The Maven project site is available at Github
All feedback is welcome! If you find issues, please post them at Github
Getting the list of all terms indexed is useful for various purposes, for example
- term statistics
- building dictionaries
- controlling the overall effects of analyzers on the indexed terms
- automatic query building on indexed terms, e.g. for load tests
- input to linguistic analysis tools
- for other post-processing of the indexed terms outside of Elasticsearch
Optionally, the term list can be narrowed down to a field name. The field name is the Lucene field name as found in the Lucene index.
Only terms of field names not starting with underscore are listed. Terms of internal fields
like _uid
, _all
, or _type
are always skipped.
For each term, statistics are computed.
{
"_shards": {
"total": 3,
"successful": 3,
"failed": 0
},
"took": 384,
"numdocs": 51279,
"numterms": 100,
"terms": [
{
"term": "aacr2",
"totalfreq": 34699,
"docfreq": 34697,
"min": 1,
"max": 2,
"mean": 1.0000505458956723,
"geomean": 1.0000399550985877,
"sumofsquares": 34703,
"sumoflogs": 1.3862943611198906,
"sigma": 0.008475454987021664,
"variance": 0.00007183333723703039
}, ...
took
- milliseconds required for executing
numdocs
- the number of documents examined
numterms
- the number of terms returned
terms
- the array of term infos
term
- the name of the term
totalfreq
- the total number of occurrences of this term
docfreq
- the document count where this term appears in
min
- the minimum number of occurrences of this term in a document
max
- the maximum number of occurrences of this term in a document
mean
- the mean of the term occurences
geomean
- the gemotric mean of the term occurrences
sumofsquares
- sum of the squares of the term occurrences
sumoflogs
- sum of the logarithms of the term occurences
variance
- the variance of the term occurences
sigma
- the standard deviation, equal to sqrt(variance)

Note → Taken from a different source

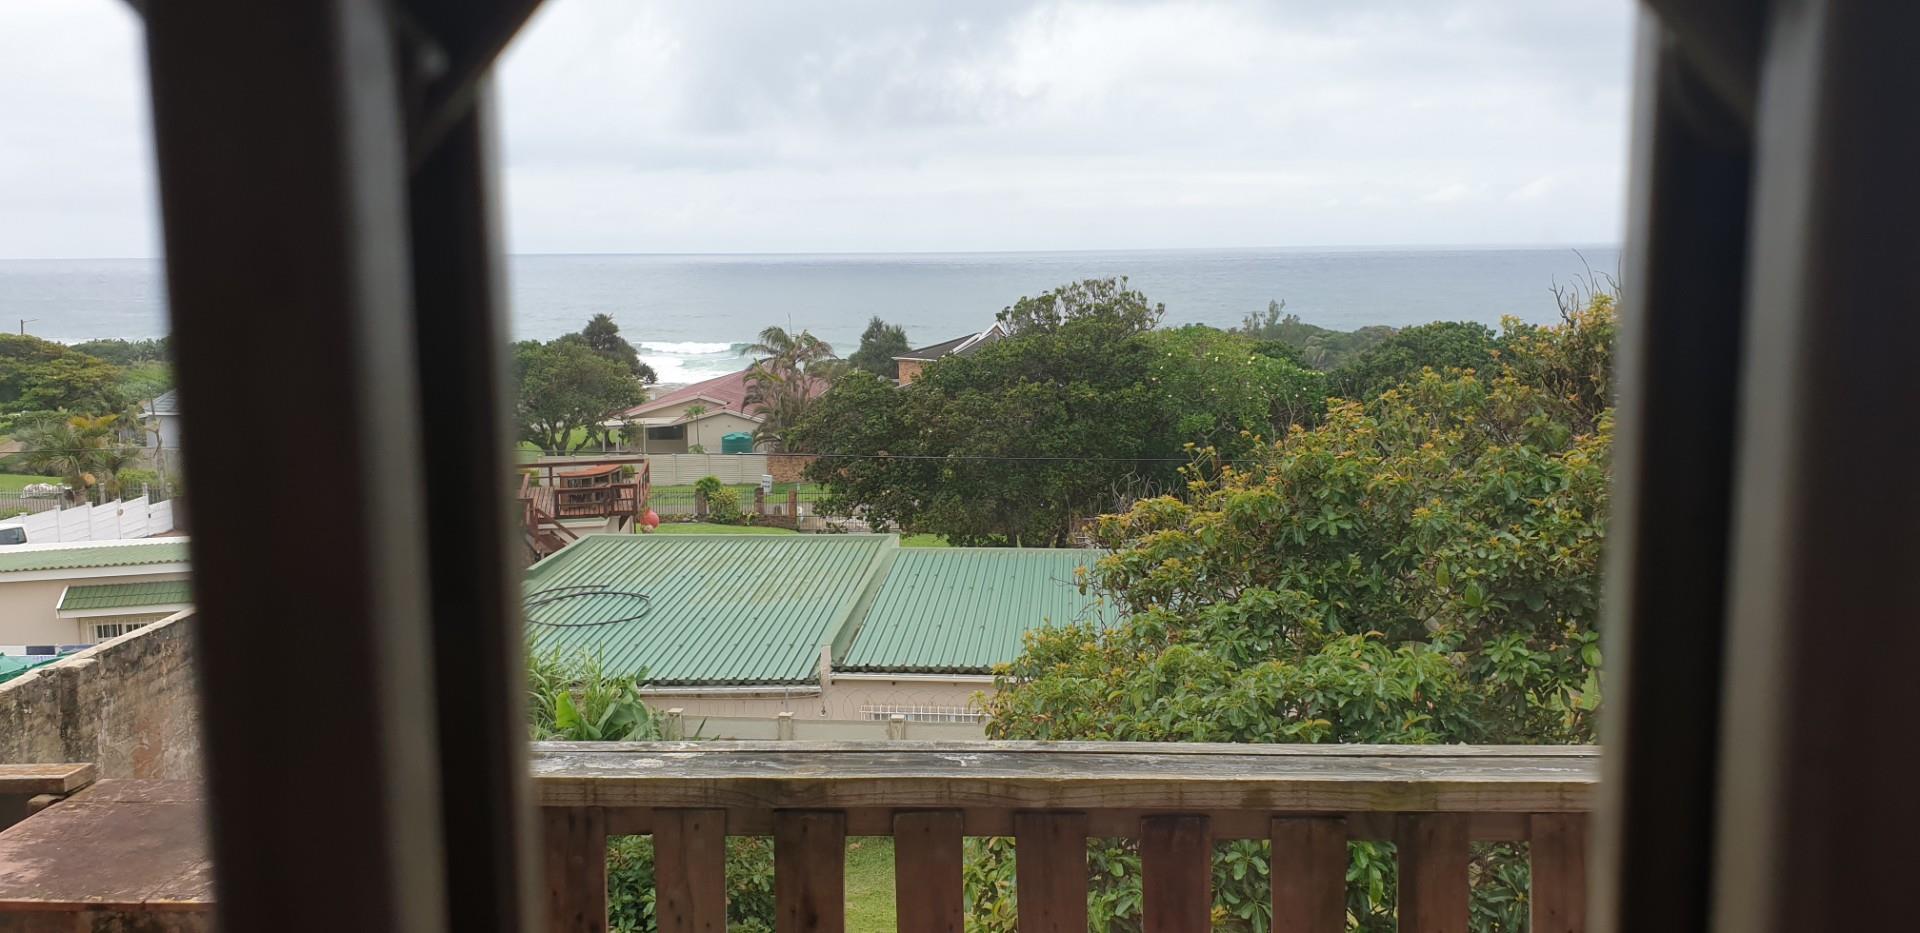 4 Bedroom House For Sale in Port Edward

Consider the following example
curl -XDELETE 'http://localhost:9200/test/'
curl -XPUT 'http://localhost:9200/test/'
curl -XPUT 'http://localhost:9200/test/test/1' -d '{ "test": "Hello World" }'
curl -XPUT 'http://localhost:9200/test/test/2' -d '{ "test": "Hello Jörg Prante" }'
curl -XPUT 'http://localhost:9200/test/test/3' -d '{ "message": "elastic search" }'
Get term list of index test
curl -XGET 'http://localhost:9200/test/_termlist'
Get term list of index test
of field message
curl -XGET 'http://localhost:9200/test/_termlist?field=message'
Get term list of index test
with total frequencies but only the first three of the list
curl -XGET 'http://localhost:9200/test/_termlist?size=3'
Get term list of terms starting with hello
in index test
field test
curl -XGET 'http://localhost:9200/test/_termlist?field=test&term=hello'
A page of 100 terms of a sorted list of terms in your index beginning with a
curl -XGET 'http://localhost:9200/books/_termlist?term=a&sortbyterms&pretty&from=0&size=100'
A page of 100 terms of a sorted list of terms in your index beginning with frodo
,'frod','fro' and 'fr', since your backtracingcount is set to 3
curl -XGET 'http://localhost:9200/books/_termlist?term=frodo&sortbyterms&pretty&from=0&size=100*backtracingcount=3'
The term list is built internally into an unsorted, compact set of strings which i s not streamed to the client. You should be aware that if you have lots of unique terms in the index, this procedure consumes a lot of heap memory and may result in out of memory situations that can render your Elasticsearch cluster unusable until it is restarted.
Elasticsearch Term List Plugin
Copyright (C) 2011-2015 Jörg Prante
Licensed under the Apache License, Version 2.0 (the "License"); you may not use this file except in compliance with the License. You may obtain a copy of the License at
http://www.apache.org/licenses/LICENSE-2.0
Unless required by applicable law or agreed to in writing, software distributed under the License is distributed on an "AS IS" BASIS, WITHOUT WARRANTIES OR CONDITIONS OF ANY KIND, either express or implied. See the License for the specific language governing permissions and limitations under the License.